◆ Activity: Return the lines below exactly, please, from the one containing "Eργασίες της ΔΕΥΑ" through the last one, both included, and leave out any pictures.

(Source material begins)

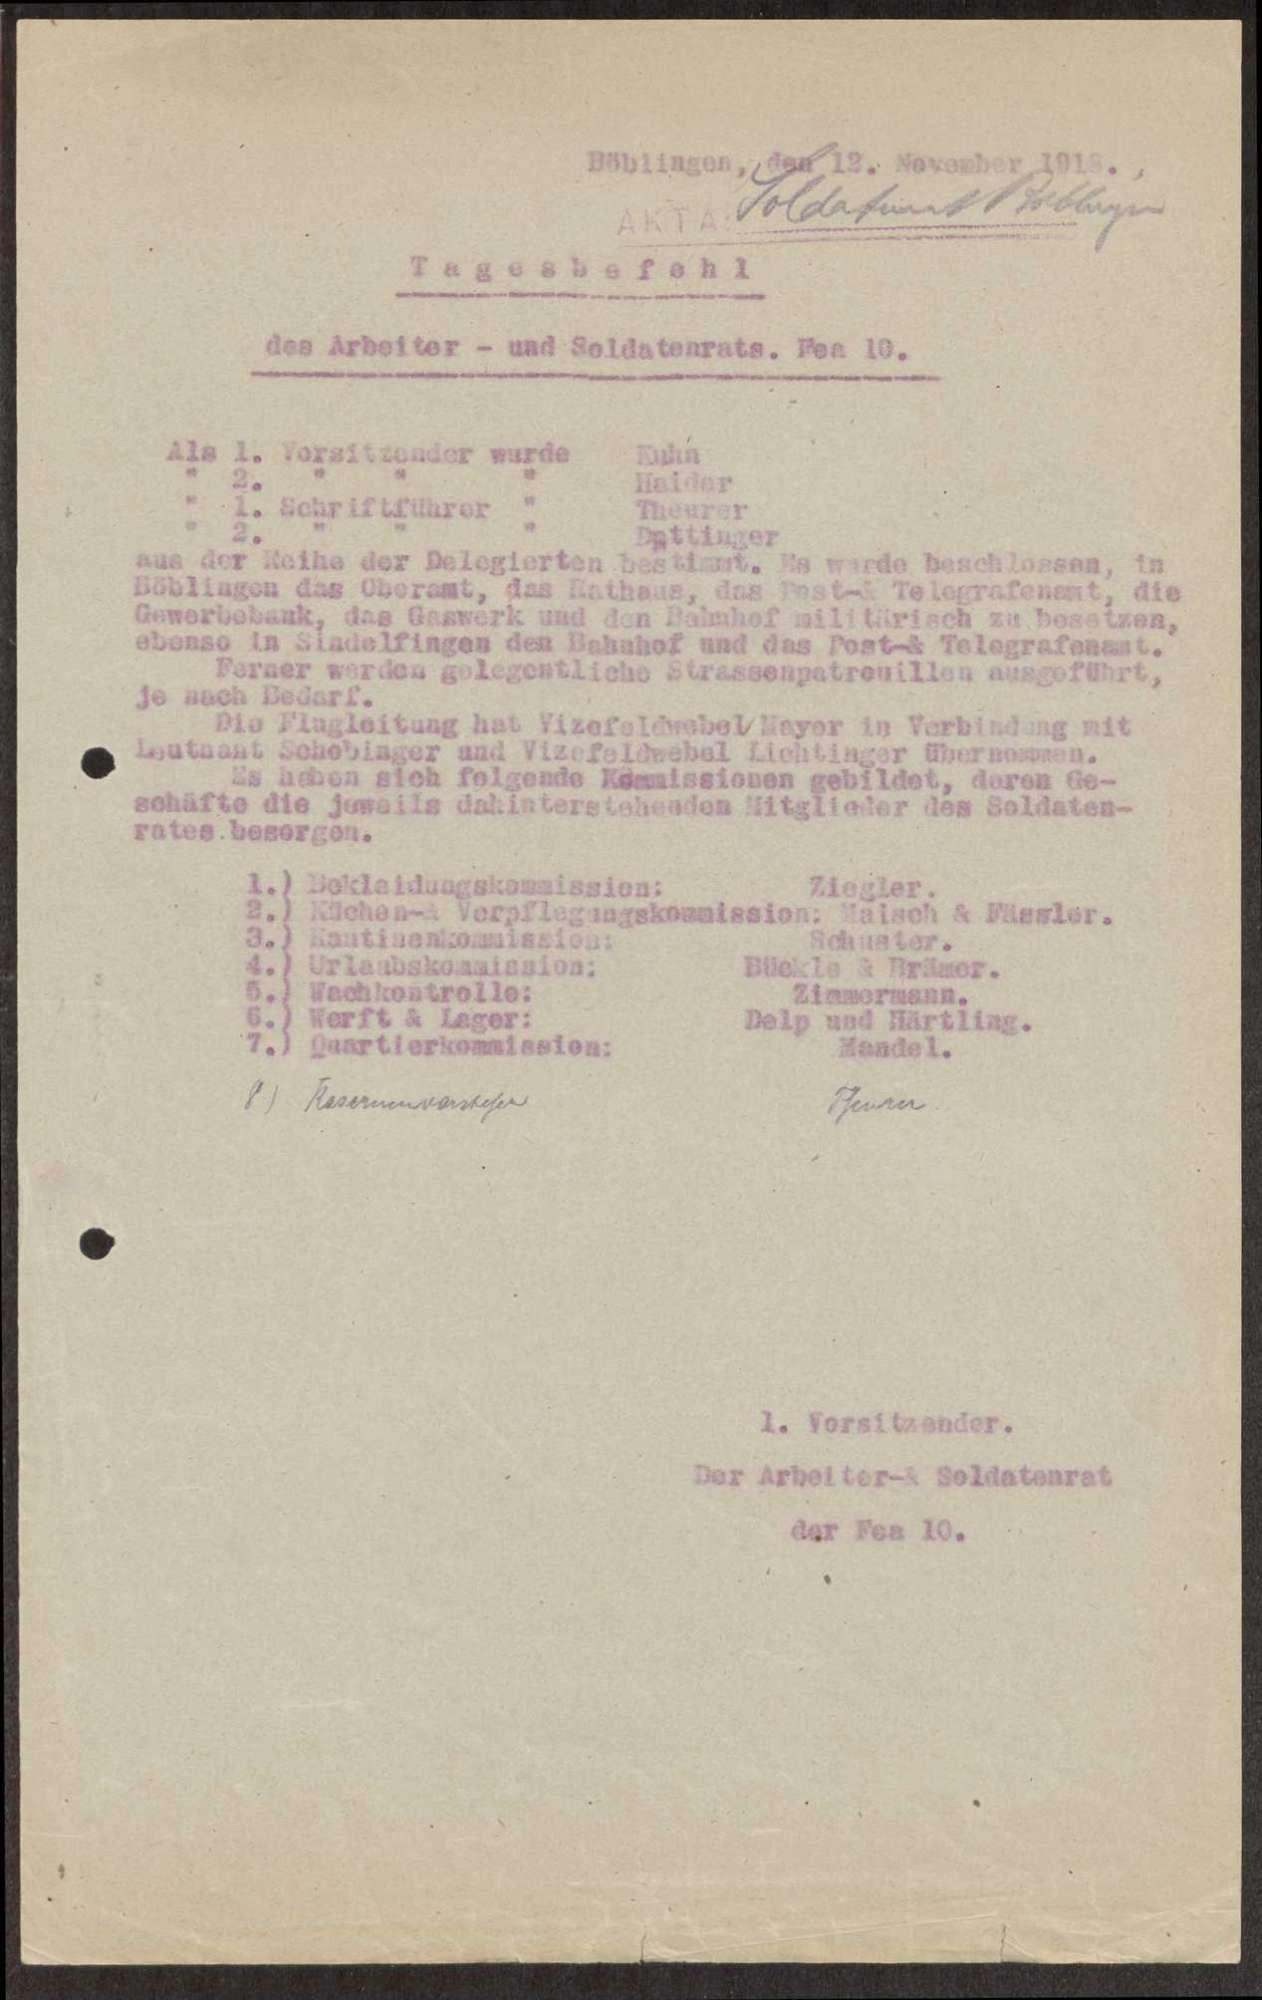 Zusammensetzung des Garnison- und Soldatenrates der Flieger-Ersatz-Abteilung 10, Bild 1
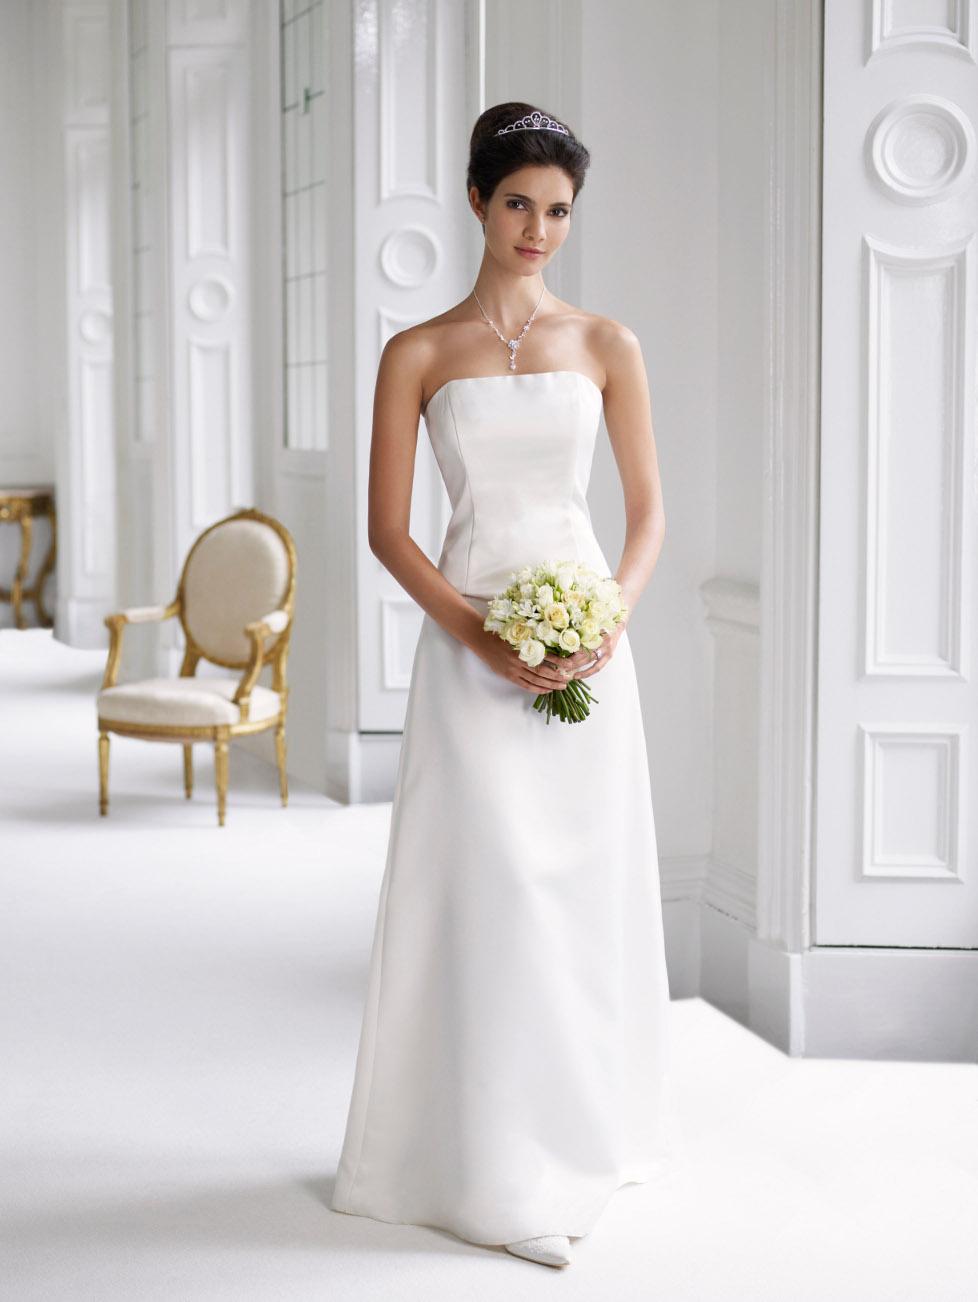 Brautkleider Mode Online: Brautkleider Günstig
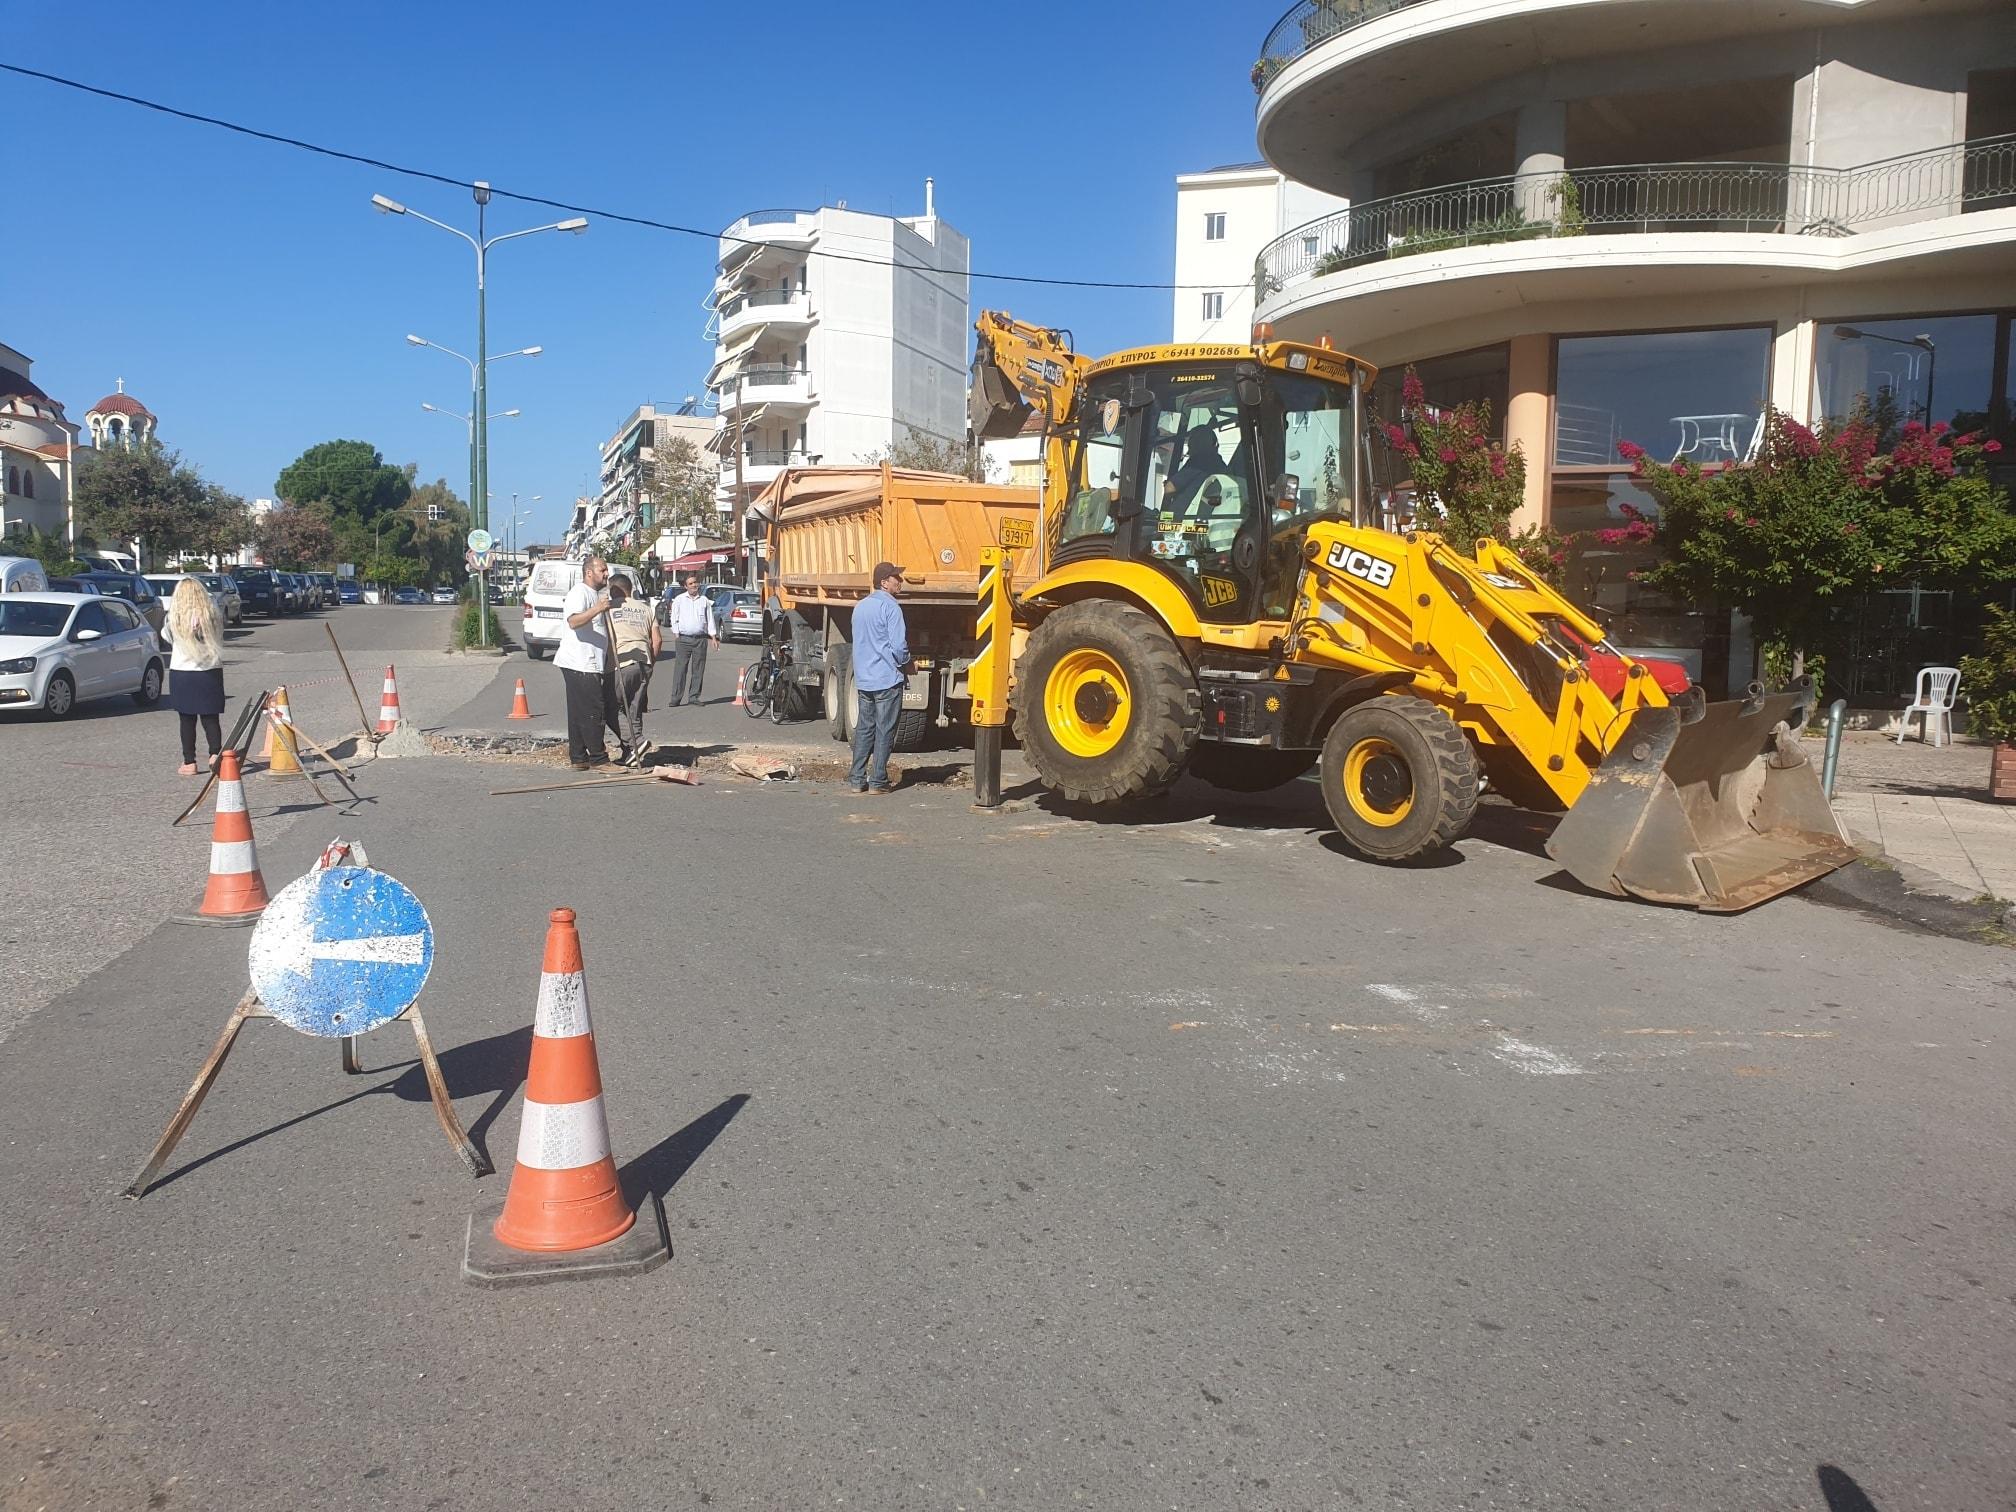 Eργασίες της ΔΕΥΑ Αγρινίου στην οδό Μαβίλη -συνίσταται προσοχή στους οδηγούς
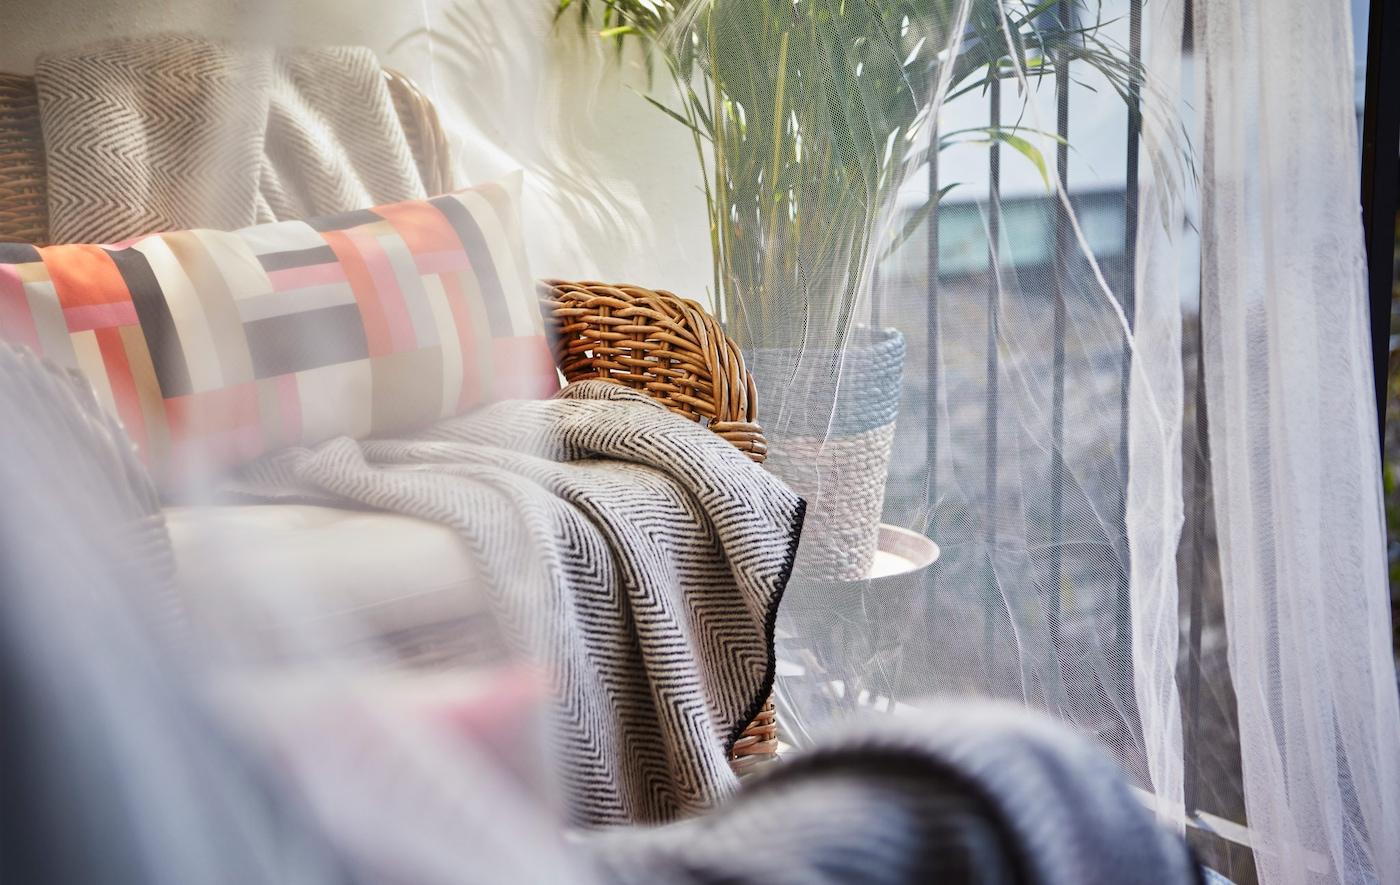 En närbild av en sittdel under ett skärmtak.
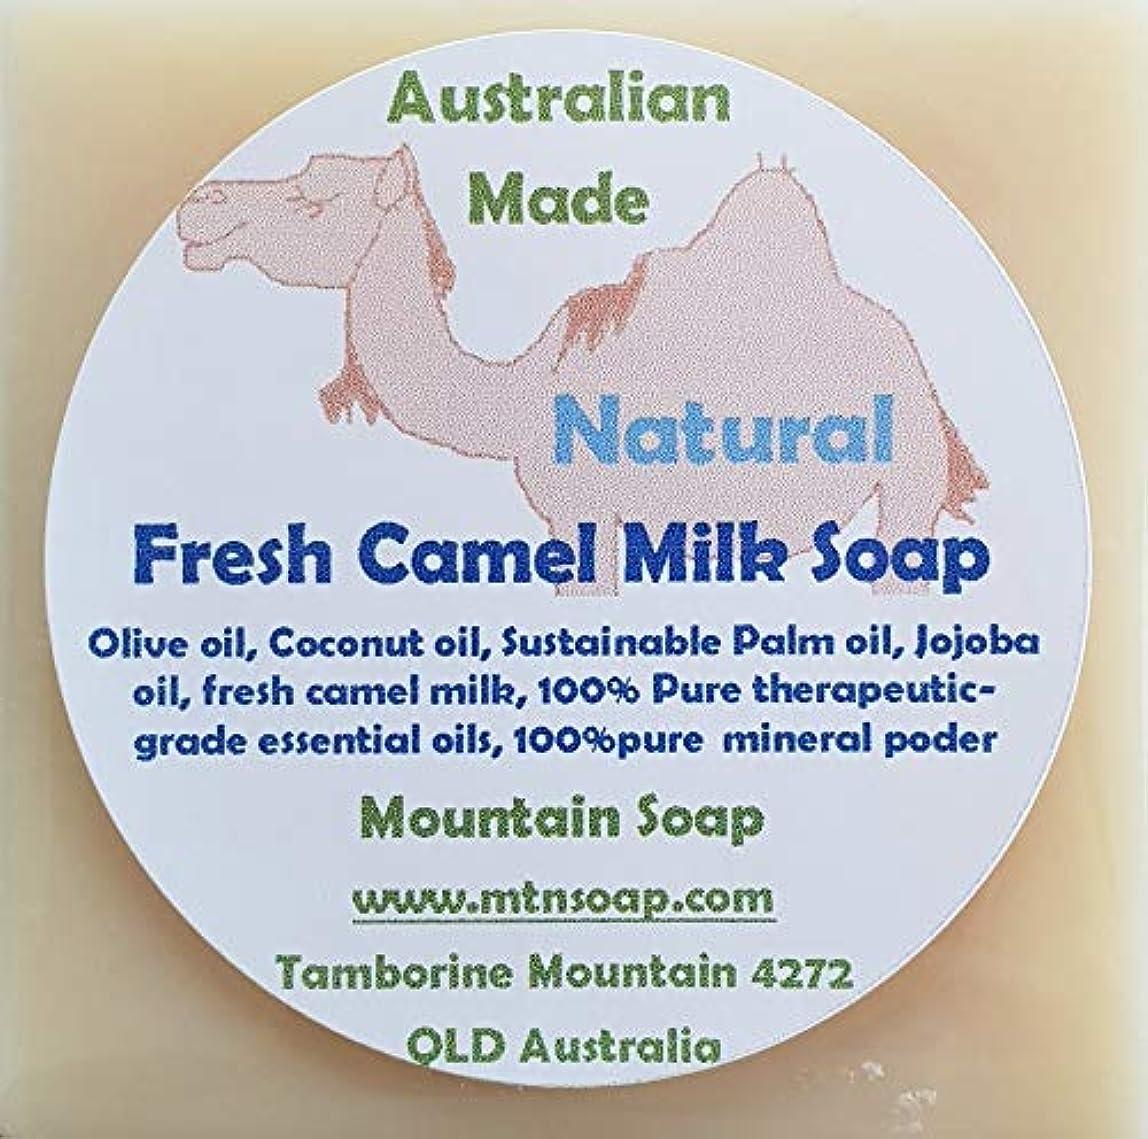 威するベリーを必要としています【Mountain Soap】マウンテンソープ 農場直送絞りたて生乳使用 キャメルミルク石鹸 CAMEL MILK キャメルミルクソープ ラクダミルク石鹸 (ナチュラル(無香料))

(Source material ends)

◆ Response for this exercise:
 Eργασίες της ΔΕΥΑ Αγρινίου στην οδό Μαβίλη -συνίσταται προσοχή στους οδηγούς
 En närbild av en sittdel under ett skärmtak.
 威するベリーを必要としています【Mountain Soap】マウンテンソープ 農場直送絞りたて生乳使用 キャメルミルク石鹸 CAMEL MILK キャメルミルクソープ ラクダミルク石鹸 (ナチュラル(無香料))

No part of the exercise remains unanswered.